Ma Cristo come figlio sulla propria casa. — Piuttosto, sulla sua casa. In tutto questo passaggio ( Ebrei 3:2 ; Ebrei 3:5 ) "La sua casa" deve essere presa nel senso della citazione, come la casa di Dio. Mentre Mosè era fedele come servo in questa casa di Dio, Cristo era fedele come figlio posto a capo della casa di Suo Padre.

L'antitesi è totale: l'uno è un servitore per la testimonianza, l'altro un Figlio che ha un diritto naturale a governare. Le parole conclusive in Ebrei 3:5 non hanno qui una risposta formale, ma il contrasto non è espresso meno distintamente. Il nome Cristo (che qui ricorre per la prima volta) è in questa Epistola mai un mero nome: contiene implicitamente il pensiero che tutto ciò di cui Mosè rese testimonianza ha ormai raggiunto il suo compimento.

Cristo è venuto: la casa di Dio, un tempo rappresentata da Israele, è ora manifestata così com'è realmente, contenente tutti i “figli” che Dio conduce alla gloria ( Ebrei 2:10 ). I termini applicati dall'uso costante all'unica nazione vengono così successivamente ampliati: il "seme di Abramo" ( Ebrei 2:16 ), "il popolo" ( Ebrei 2:17 ), la "casa di Dio" (cfr Ebrei 10:21 ).

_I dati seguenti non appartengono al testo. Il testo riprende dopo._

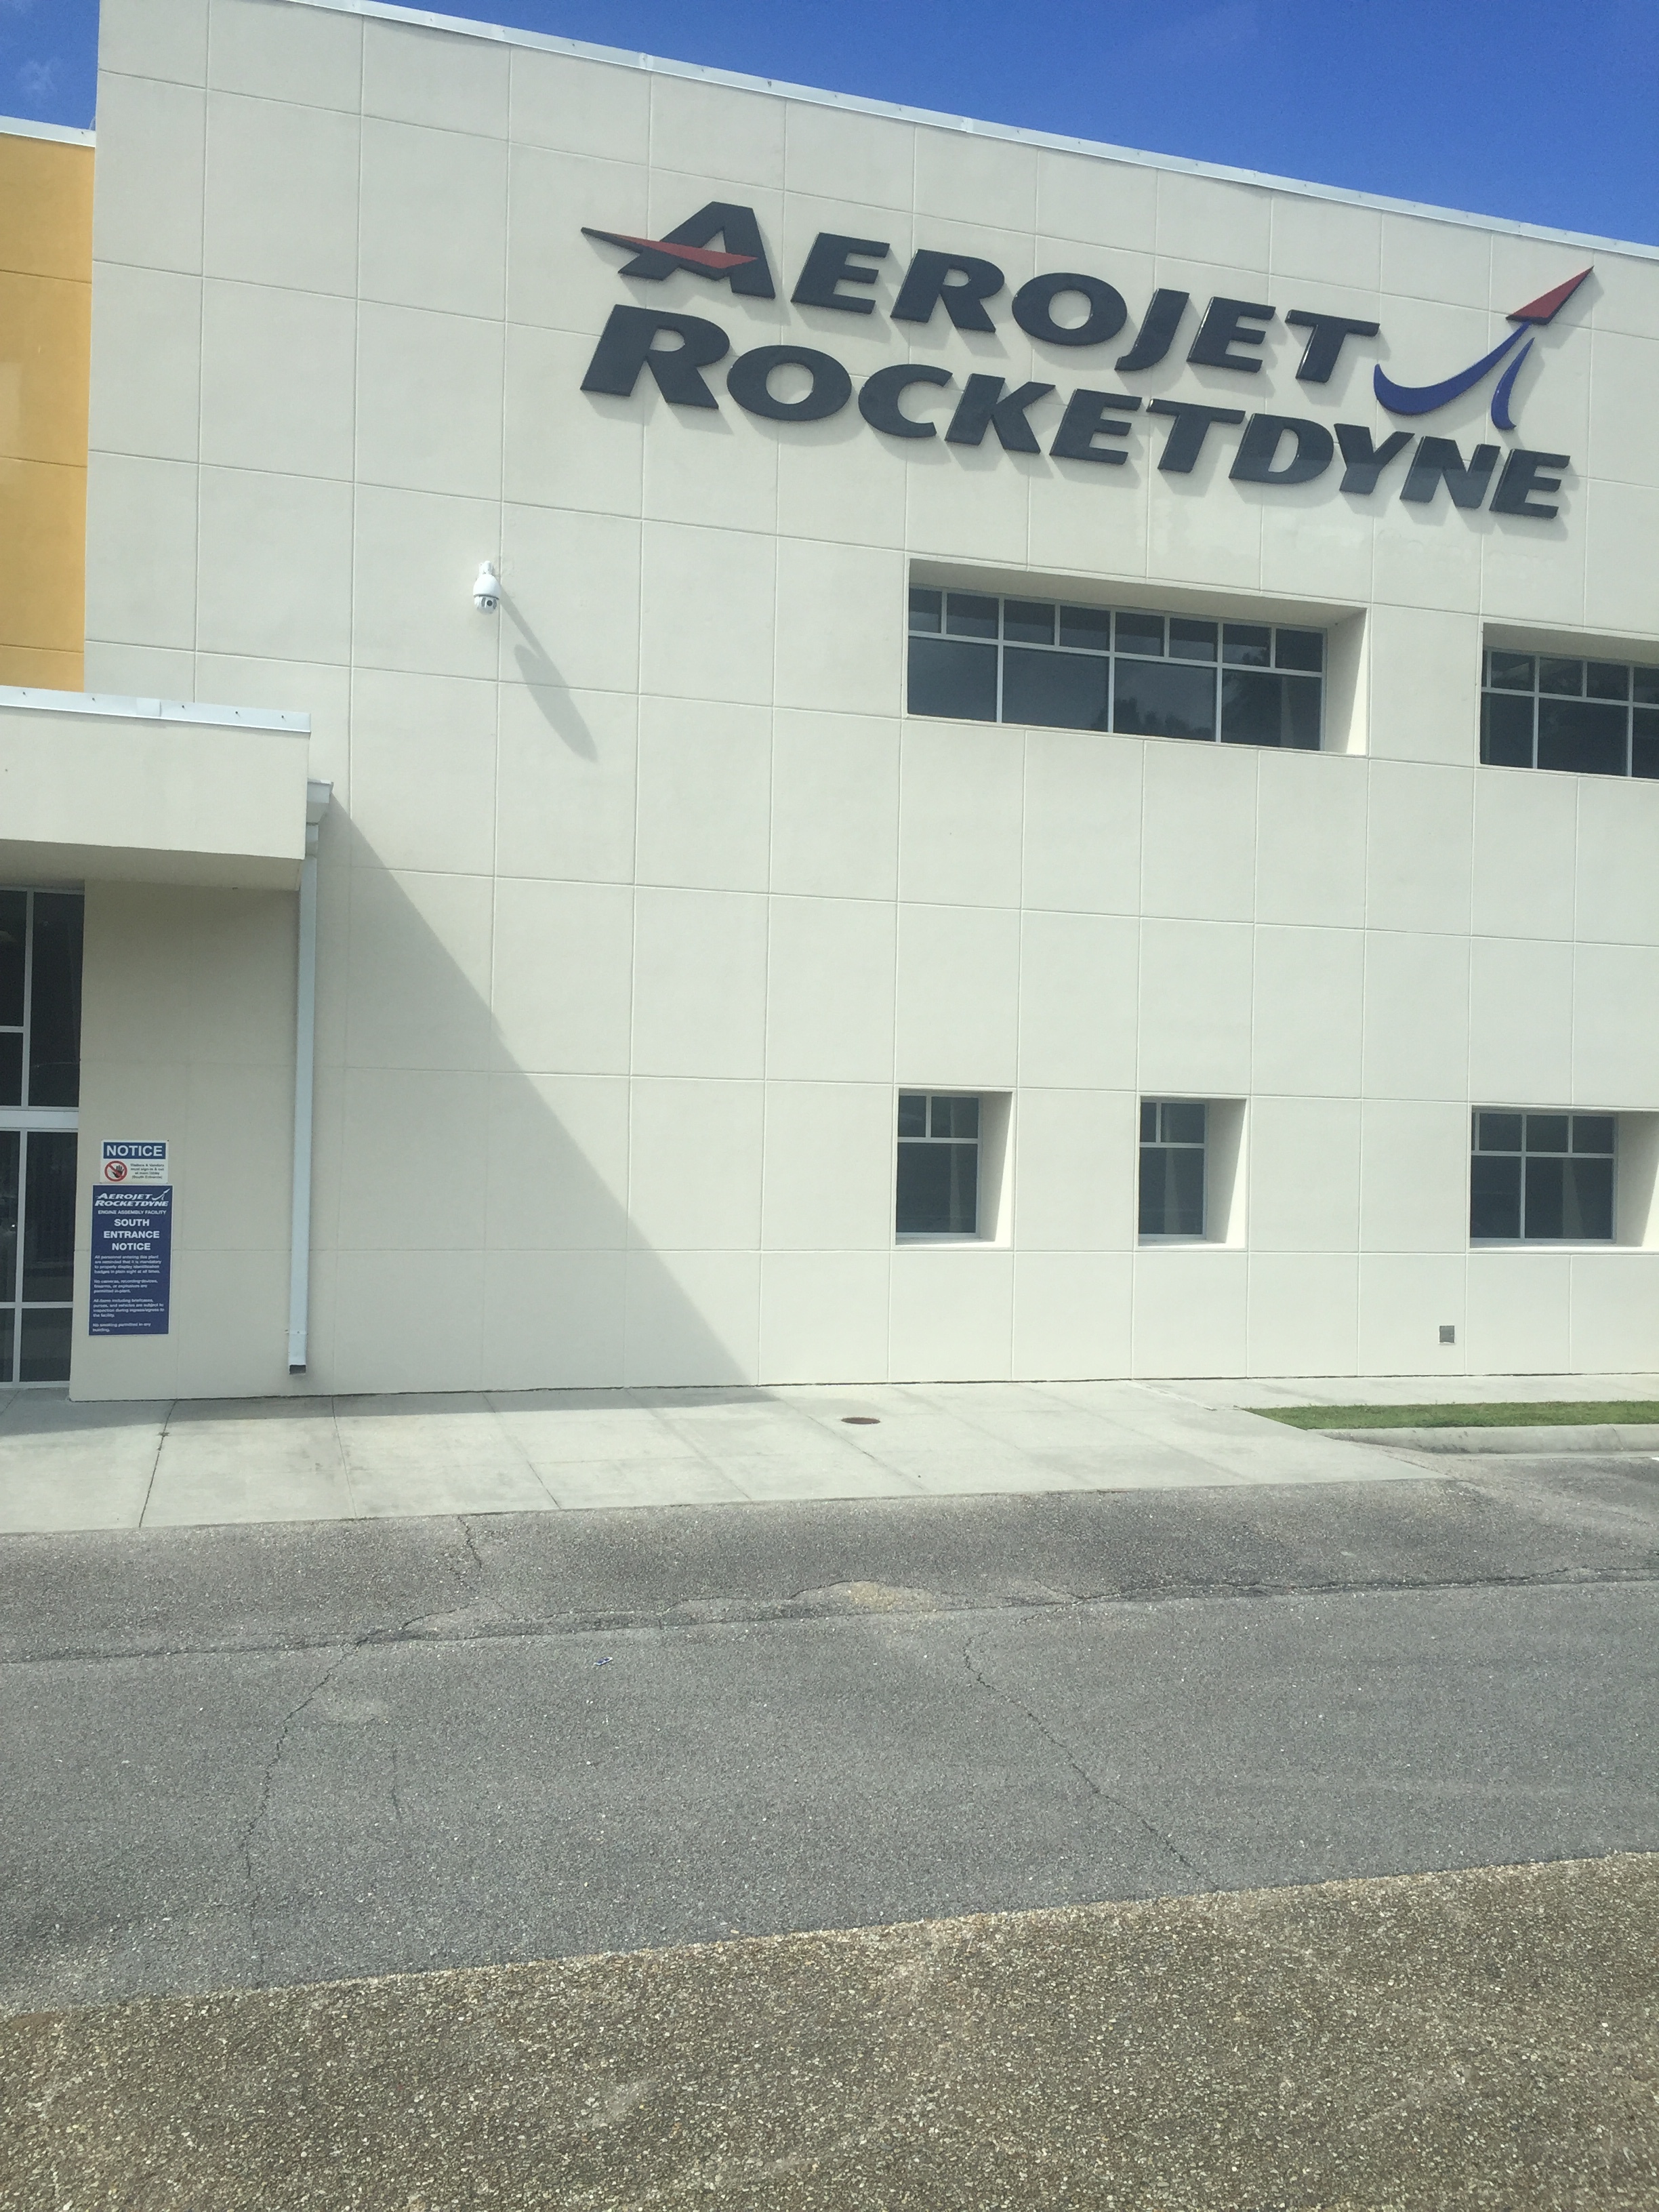 Facility for SLS Rocket Engines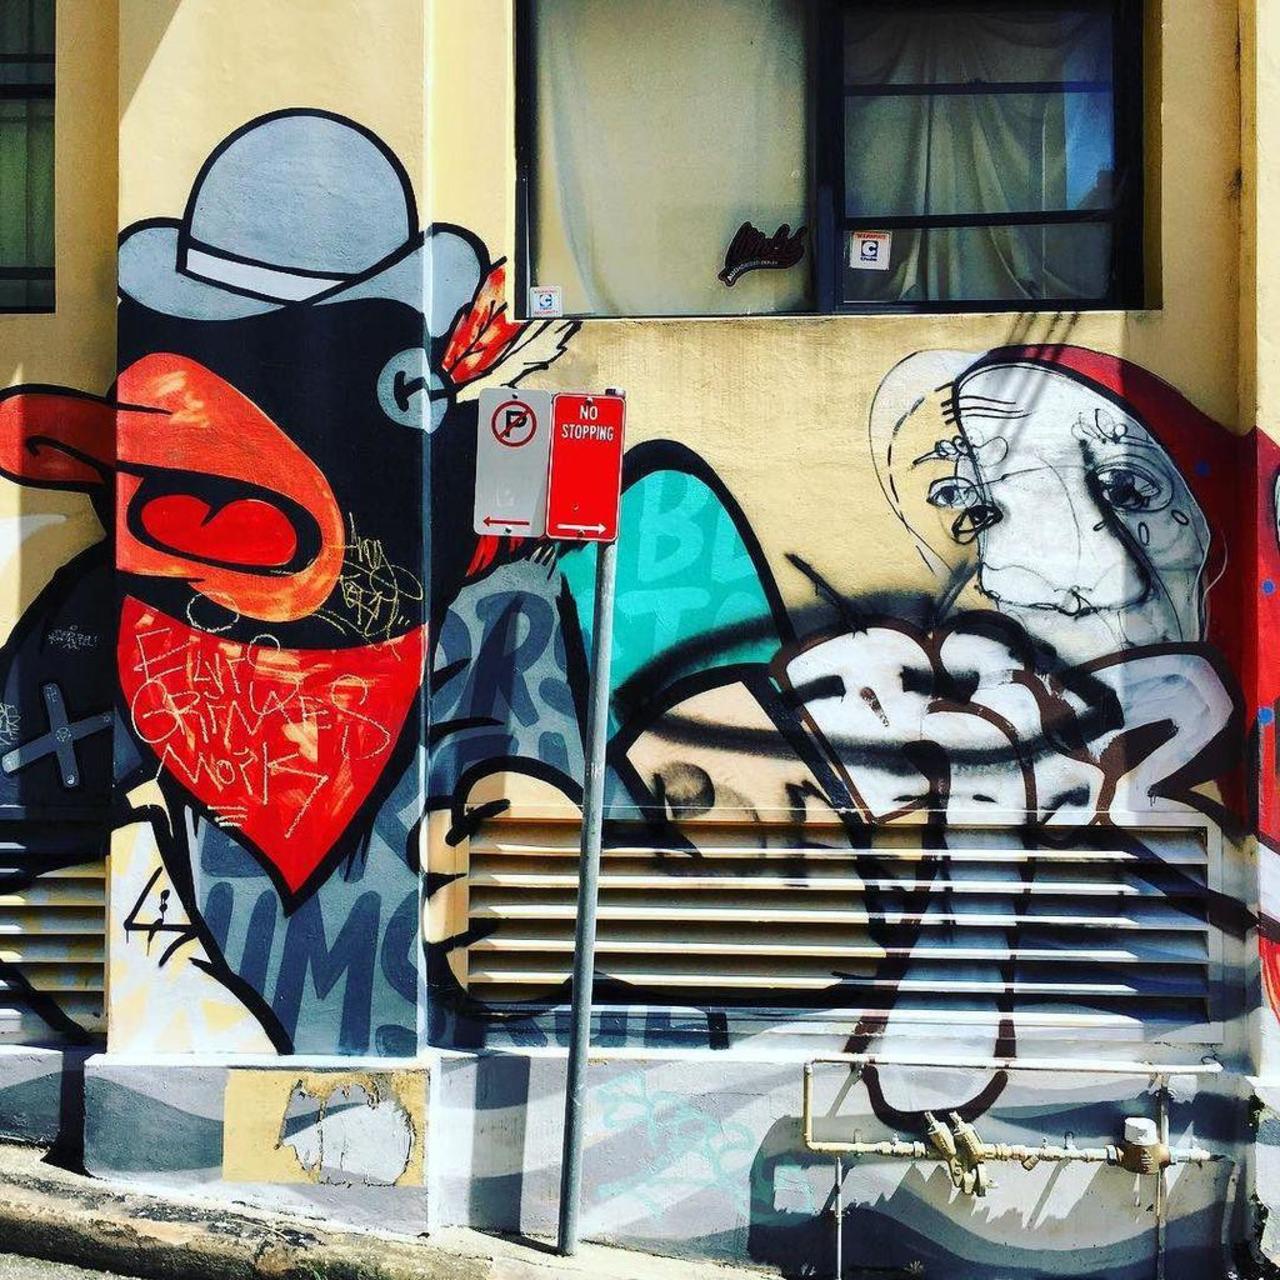 #streetart #graffiti #art #darlo #darlinghurst  #sydney #publicart #artofinsta http://ift.tt/1RhI24K http://t.co/QHa1bzC3Oi

Se teniamo ferma la fiducia. — Meglio, se manteniamo saldi fino alla fine l'audacia e la gloria della nostra speranza. Fedele al suo proposito pratico, lo scrittore aggiunge alle parole “di chi casa siamo noi” la condizione indispensabile. La “casa” esiste (“siamo”), ad essa appartengono tutti coloro che possiedono la “speranza” cristiana; ma per l'appropriazione sicura e definitiva della promessa ci deve essere costanza “fino alla fine.

Questa esortazione differisce da quella in Ebrei 2:1 , in quanto implica più distintamente che coloro a cui si rivolge hanno un possesso che possono perdere. La “speranza” cristiana, quell'aspetto della fede rivolto al futuro, è naturalmente spesso nel pensiero di chi scrive. Le parole associate sono molto suggestive: la speranza ci dà l'audacia (cfr 2 Corinzi 3:12 ), e di questa speranza ci vantiamo.

Si parla ancora di “audacia” (in Ebrei 4:16 ; Ebrei 10:19 ; Ebrei 10:35 ): significa propriamente “libertà di parola”, denota i sentimenti e il comportamento fiduciosi e audaci che si collegano alla libera espressione di pensiero.